Бруно неловко переступил с ноги на ногу, снова отведя взгляд в сторону, и предложил неуверенно:

— Могу поговорить с его приятелями, вдруг удастся что-то выяснить…

— С каких это пор ты стремишься мне помогать? — с преувеличенным удивлением поинтересовался Курт. — Какое-то подозрительное рвение вдруг в тебе пробудилось…

— Только не говори, что ты сам не подумал воспользоваться моими знакомствами, когда услышал, с кем я все это время провожу вечера; если б я сейчас сам не предложил этого, ты бы мне приказал, так в чем дело?

Курт пожал плечами, пытаясь захватить взгляд помощника, и допустил язвительно:

— Может быть, я не убежден в том, что до меня дойдут неискаженными их ответы на твои вопросы, и раздумываю, как быть?

— Не доверяешь?

— «Радуйся» — сказал Иуда и ударил Христа бутылкой по голове… — откликнулся майстер инквизитор; Бруно побледнел и сжал зубы, и он вновь ощутил приступ угрызений совести.

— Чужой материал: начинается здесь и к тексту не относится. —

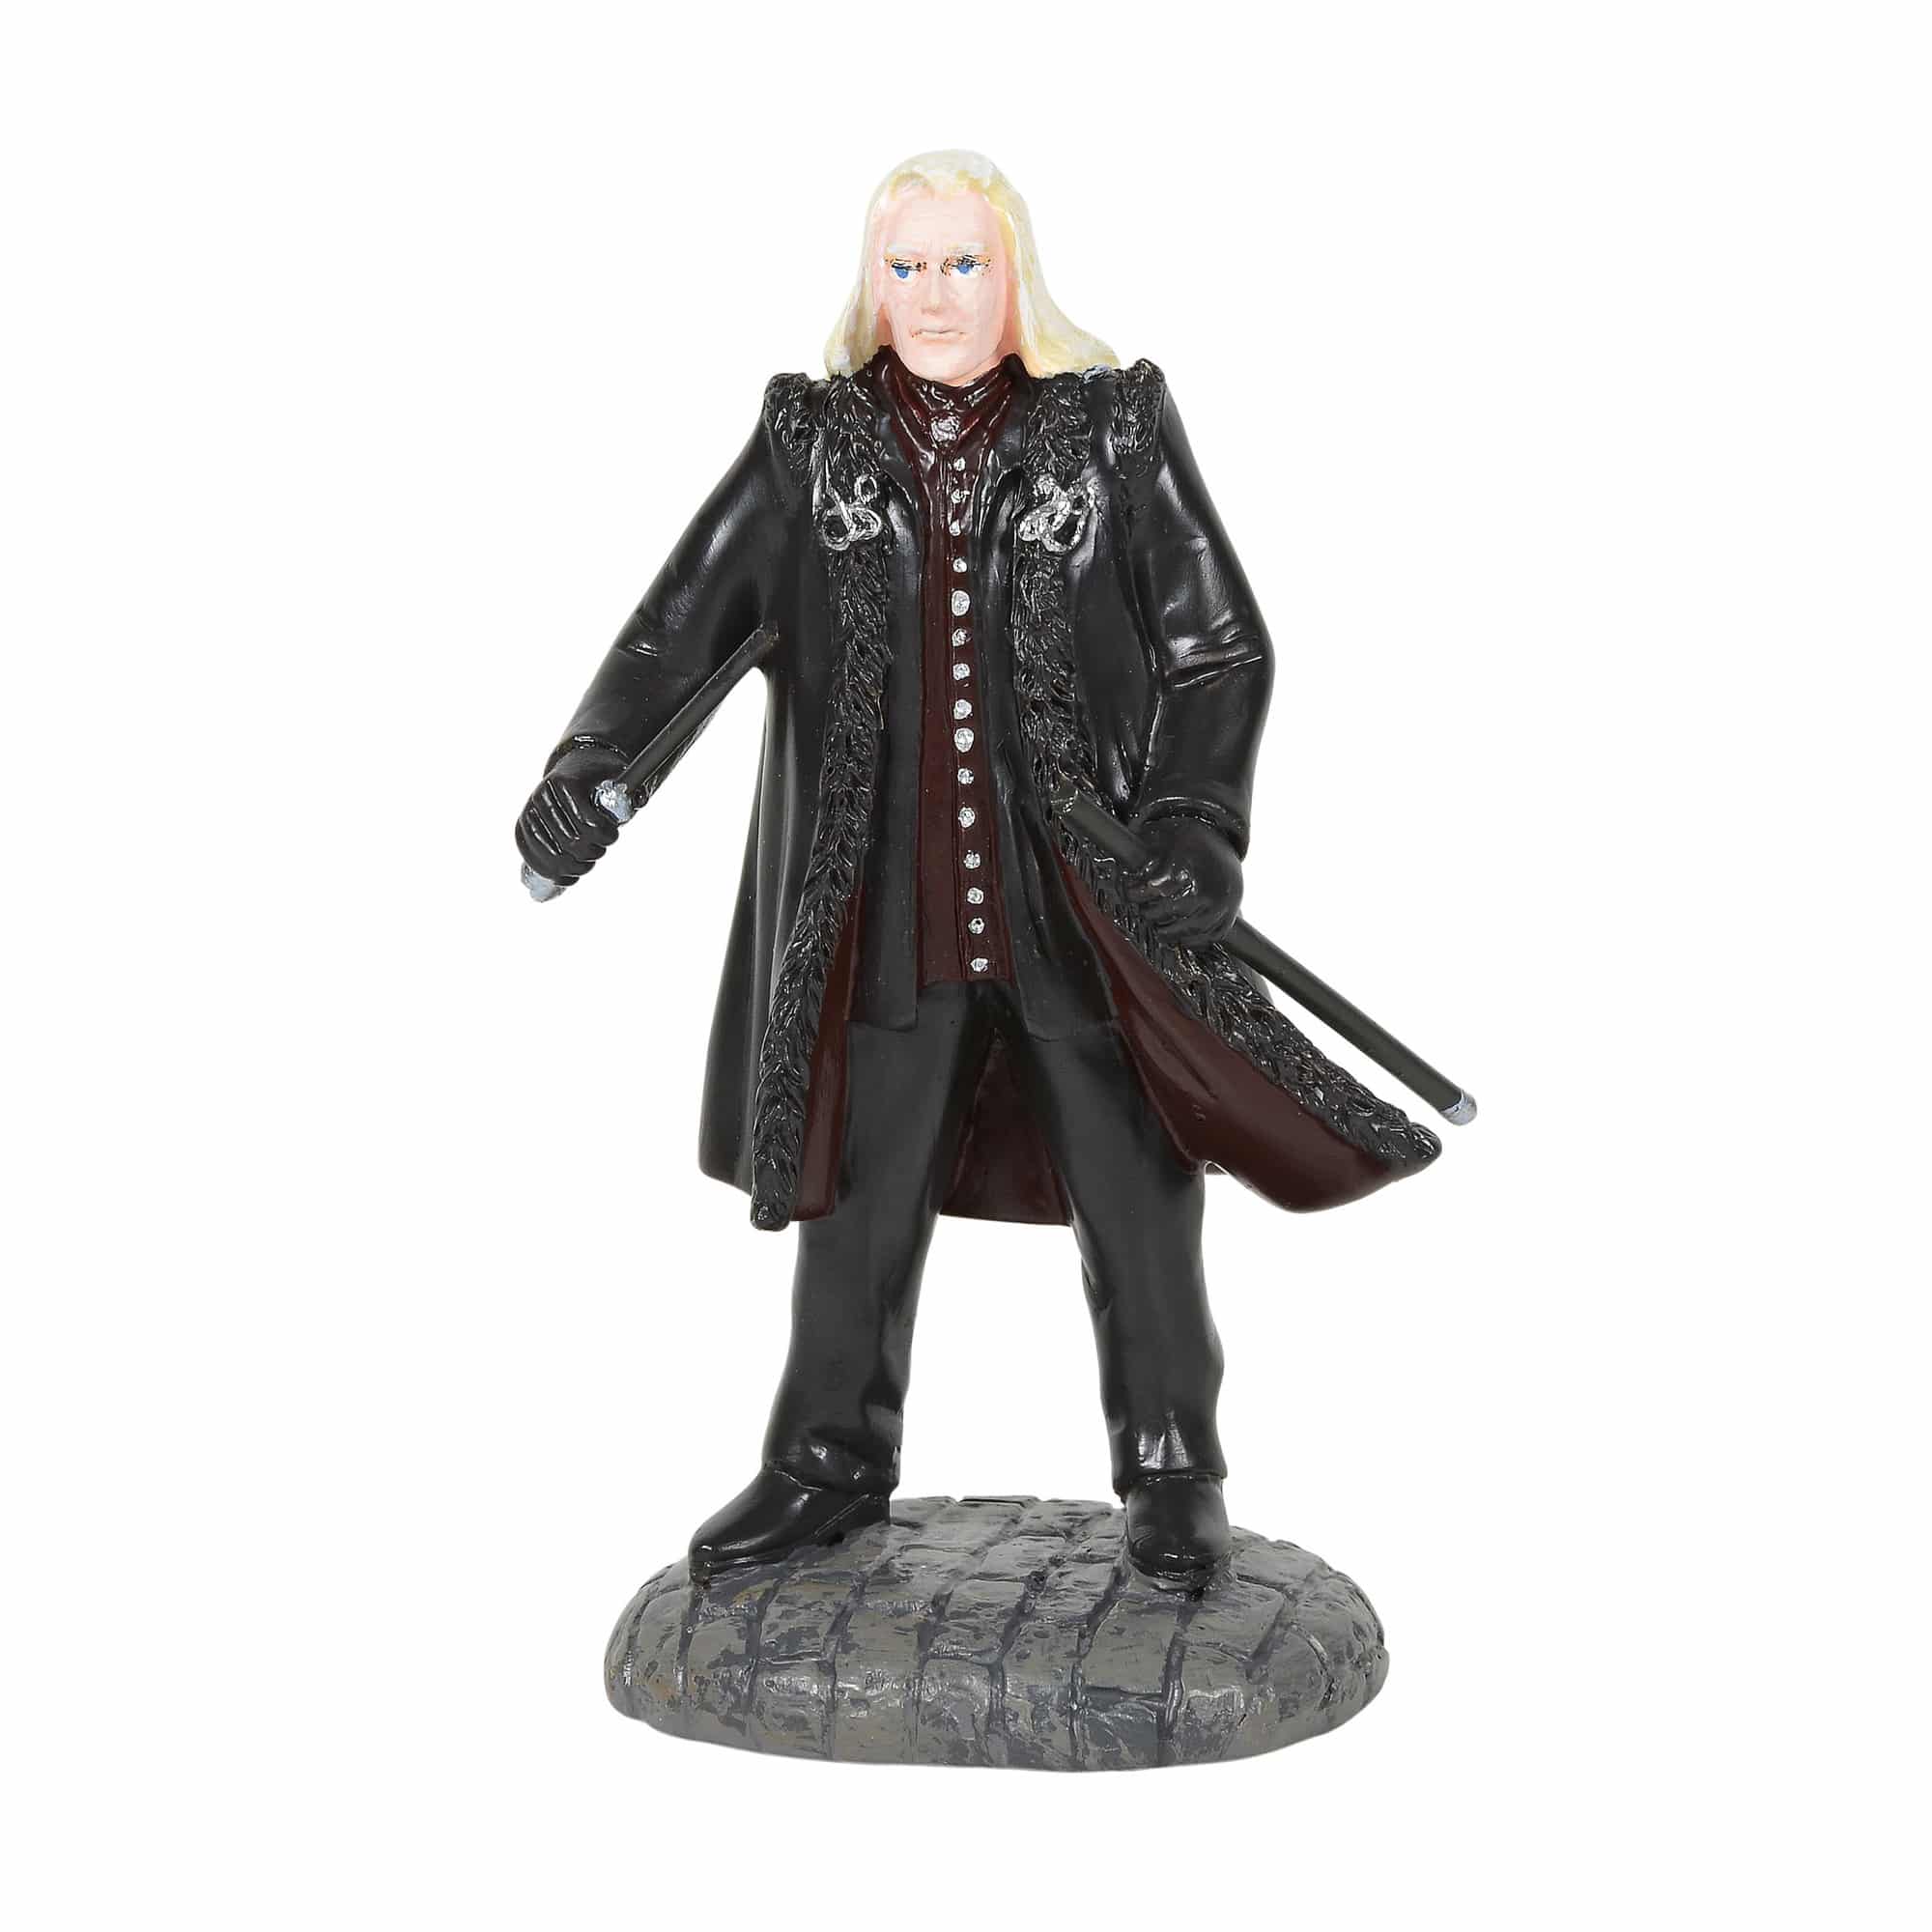 Dept 56 Harry Potter Lucius Malfoy Christmas Store

Ведь после этого «Иуда» полез за ним в огонь, рискуя потерять собственную жизнь…

— Я не навязывался с тобой работать, — процедил подопечный. — И в вашу Конгрегацию не рвался.

— У тебя был выбор, — вновь не удержался Курт, вместе с тем мысленно бичуя себя за желчность; Бруно усмехнулся:

— Выбор? Позволь напомнить — меня купили.

— Был выбор, — повторил он. — Ты мог предпочесть возвращение к своей прежней жизни; в конце концов, преподавание грамоты графским детям — не такое уж хреновое занятие. Правда, наказание за побег могло несколько подпортить удовольствие…

Бруно выдохнул сквозь зубы, круто развернувшись, и рывком распахнул створку двери.

— Стоять! — чуть повысив голос, скомандовал Курт, и тот замер. — Дверь закрой.

Подопечный мгновение стоял недвижно, глядя в пол у своих ног и сжимая ручку так, что костяшки пальцев заострились и побелели; наконец, медленно и тихо прикрыв дверь, повернулся, глядя почти с ненавистью. Курт кивнул:

— Вот так…. — он помолчал, борясь с желанием отпустить еще одну колкость и глядя на хмурое лицо в нескольких шагах от себя; наконец, выдохнув, с напряжением потер ноющий лоб и через силу добавил: — Сейчас не время обострять отношения. Я мог бы еще сказать, что понимаю тебя и сочувствую, но ты решишь, что я опять издеваюсь.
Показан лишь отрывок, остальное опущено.